**INFORMATION**
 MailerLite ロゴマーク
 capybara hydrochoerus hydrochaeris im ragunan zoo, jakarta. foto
==
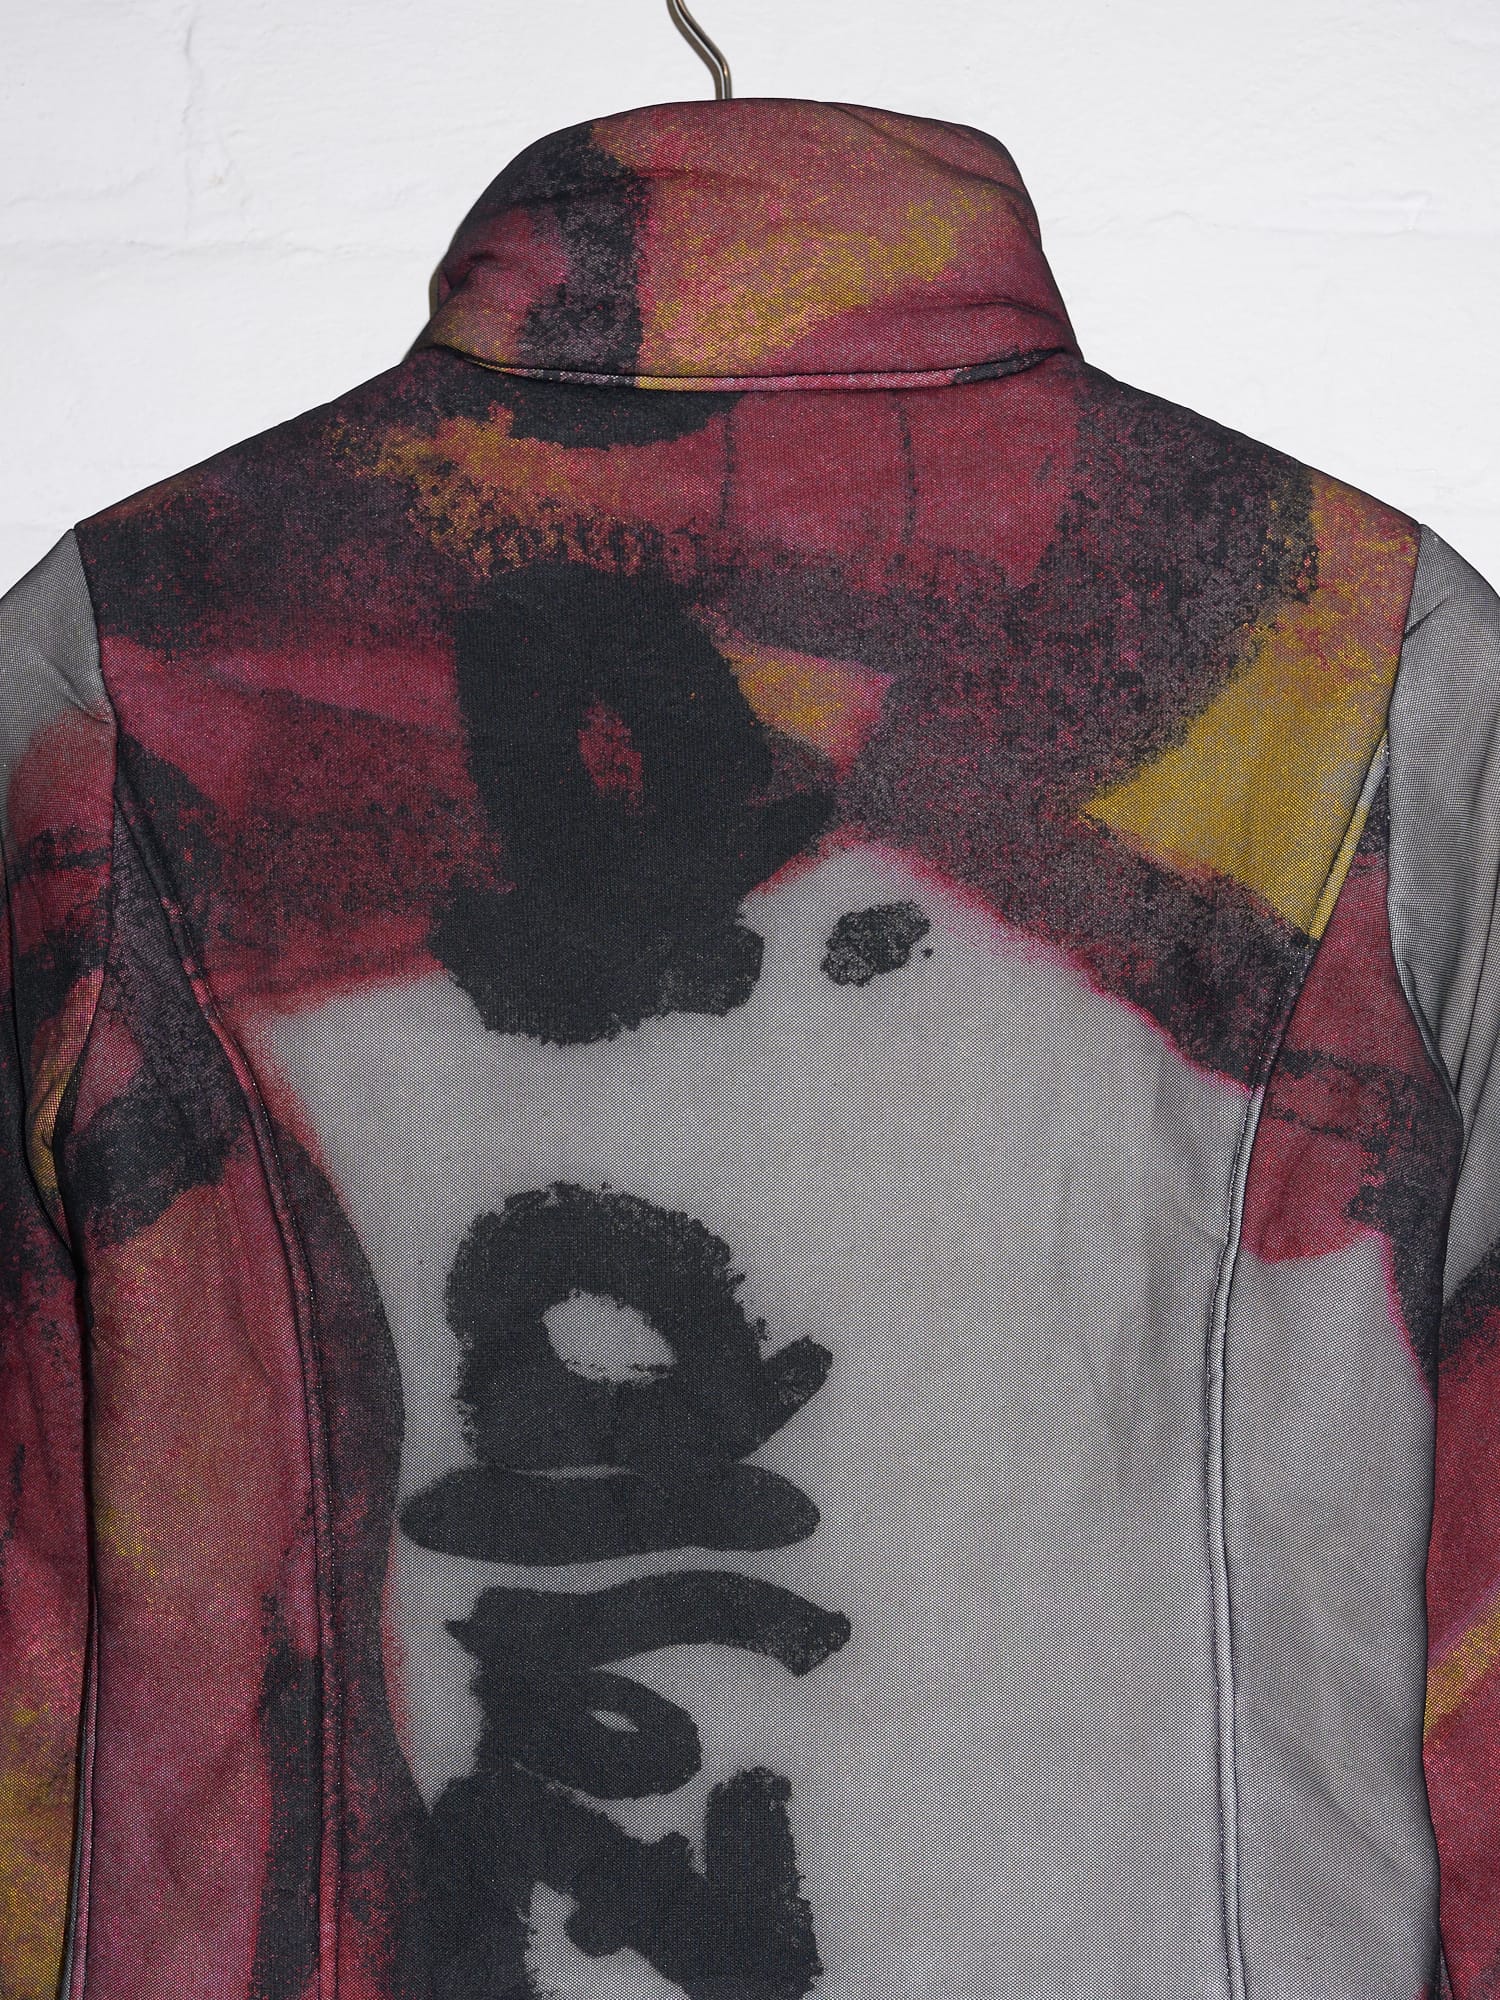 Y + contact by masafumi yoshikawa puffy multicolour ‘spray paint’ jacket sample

**WHAT YOU HAVE TO DO**
After locating the line with "MailerLite ロゴマーク" in the material above, return it and each line after it exactly, ending at the line with "capybara hydrochoerus hydrochaeris".

**TASK OUTPUT**
 MailerLite ロゴマーク
 capybara hydrochoerus hydrochaeris im ragunan zoo, jakarta. foto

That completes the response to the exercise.